Женитьба Кевонгов - Санги Владимир Михайлович 14 стр.


- Ыйть, - выругался Касказик, - ты у меня порезвишься!

Он затормозил. Кобели тут же встали, залегли, жадно хватая снег дымящейся пастью.

Касказик протянул руку, чтобы подозвать суку, но тут же застыл в замешательстве: как окликнуть ее? Четвертую зиму никто не удосужился дать ей имя. Может, потому, что не требовалась она в хозяйстве. Одно знала: плодила щенков для будущих упряжек. Но сука поняла, чего хочет человек. Она отбежала подальше и только тогда оглянулась. Касказик держит на вытянутой руке кетовую хребтину. Соблазн велик. Сука голодно облизнулась, завиляла хвостом, крадучись подошла. Медленно и осторожно, чувствуя подвох, потянулась к руке.

А человек ласково приговаривал:

- Вот тебе рыба. Вкусная рыба. На, возьми, съешь.

Рука отдаляется, отдаляется. Аппетитный запах бьет в ноздри, вызывает обильную тягучую слюну. Сука сделала короткий шаг. Еще шаг. Ноги дрожат от возбуждения. Она видит над своей головой распростертые пальцы другой руки. Внимательно сторожит глазами. Резко хватает кетовый костяк, выдергивает, и не успел человек опомниться, стрелой уносится к берегу, исчезает в кустах.

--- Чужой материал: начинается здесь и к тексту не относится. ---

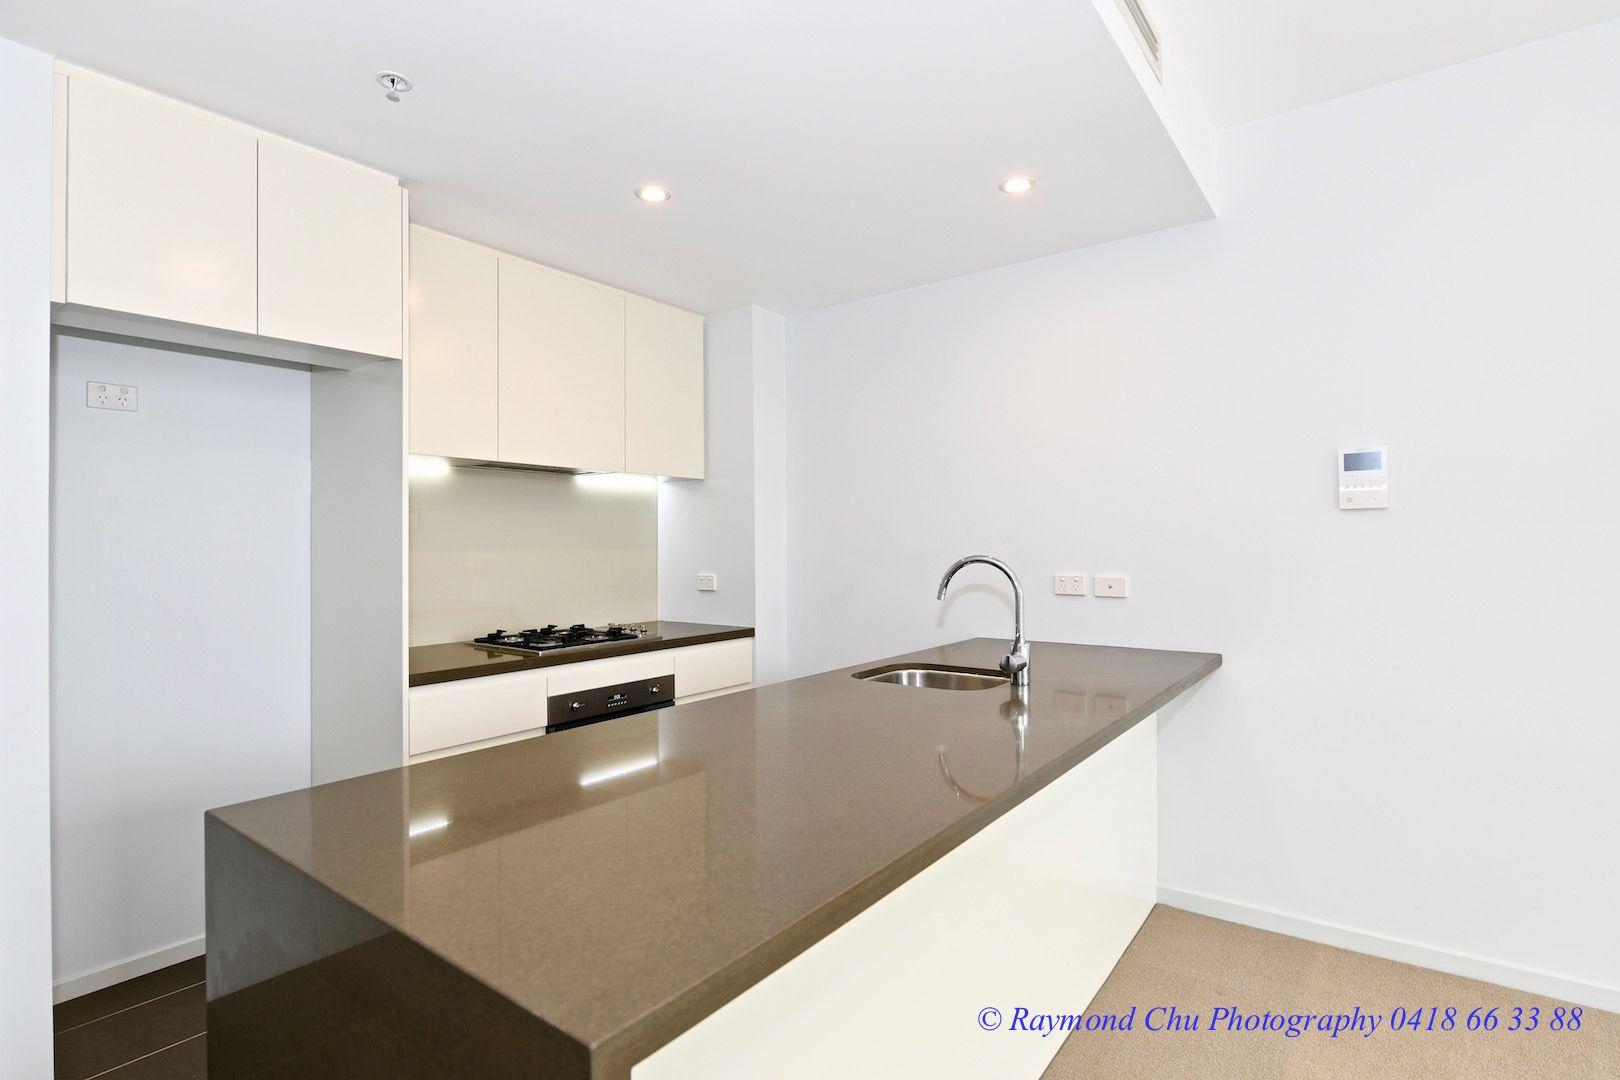 306/33 Devonshire Street, Chatswood NSW 2067, Image 1

Нартовые собаки, с любопытством следившие за ходом событий, завистливо скулят, бросаются вслед за ней, но лишь запутывают постромки.

- Ыйть, безмозглые! - пинает старик ни в чем не повинных кобелей, срывая на них зло.

Ыкилак в душе хохочет над отцом.

Касказик грубо растолкал кобелей, распутал постромки и крикнул:

- Та-та!

Упряжка пошла, но кобели все оглядывались, посматривали на берег, где в кустах догрызала свое лакомство сука.

Через несколько поворотов, когда упряжка вновь перешла на шаг и кобели из последних сил налегали на хомуты и хрипели, задыхаясь от собственных усилий, каюр смилостивился:

- Порш!

Кобели опять залегли в снег.

Касказик обернулся.

- Она боится меня. Попробуй ты.

Ыкилак соскочил с нарты, пошел к суке, которая сидела в стороне, ожидая, когда снова тронутся в путь. Увидев юношу, собака прилегла на снег, прижала уши, осклабилась в покорной улыбке. Позволила взять себя за загривок, тут же встала на ноги и, повинуясь руке, пошла рядом. Касказик надел на нее не алык-хомут, а простой ошейник - так проявил он свое презрение, привязал ее сразу же вслед за вожаком, приговаривая:

- Убеги на этот раз, добра не будет. Вот и далась в руки. Теперь ты у меня потанцуешь. Такой танец тебе выдам, какого ни один шаман не знает.

Он понимал, кобели, увидев перед собой суку, будут стараться настигнуть ее и сильнее потянут нарту.

Старик перекинул ногу, сел поперек, вытащил остол. Собаки дернули, легко понесли. Сука тянула сильно. На трудных участках, когда полозья исчезали в снегу и шли тяжело, будто по песку, она от усердия приседала, ее задние ноги подгибались, дрожали и, казалось, гудели от напряжения.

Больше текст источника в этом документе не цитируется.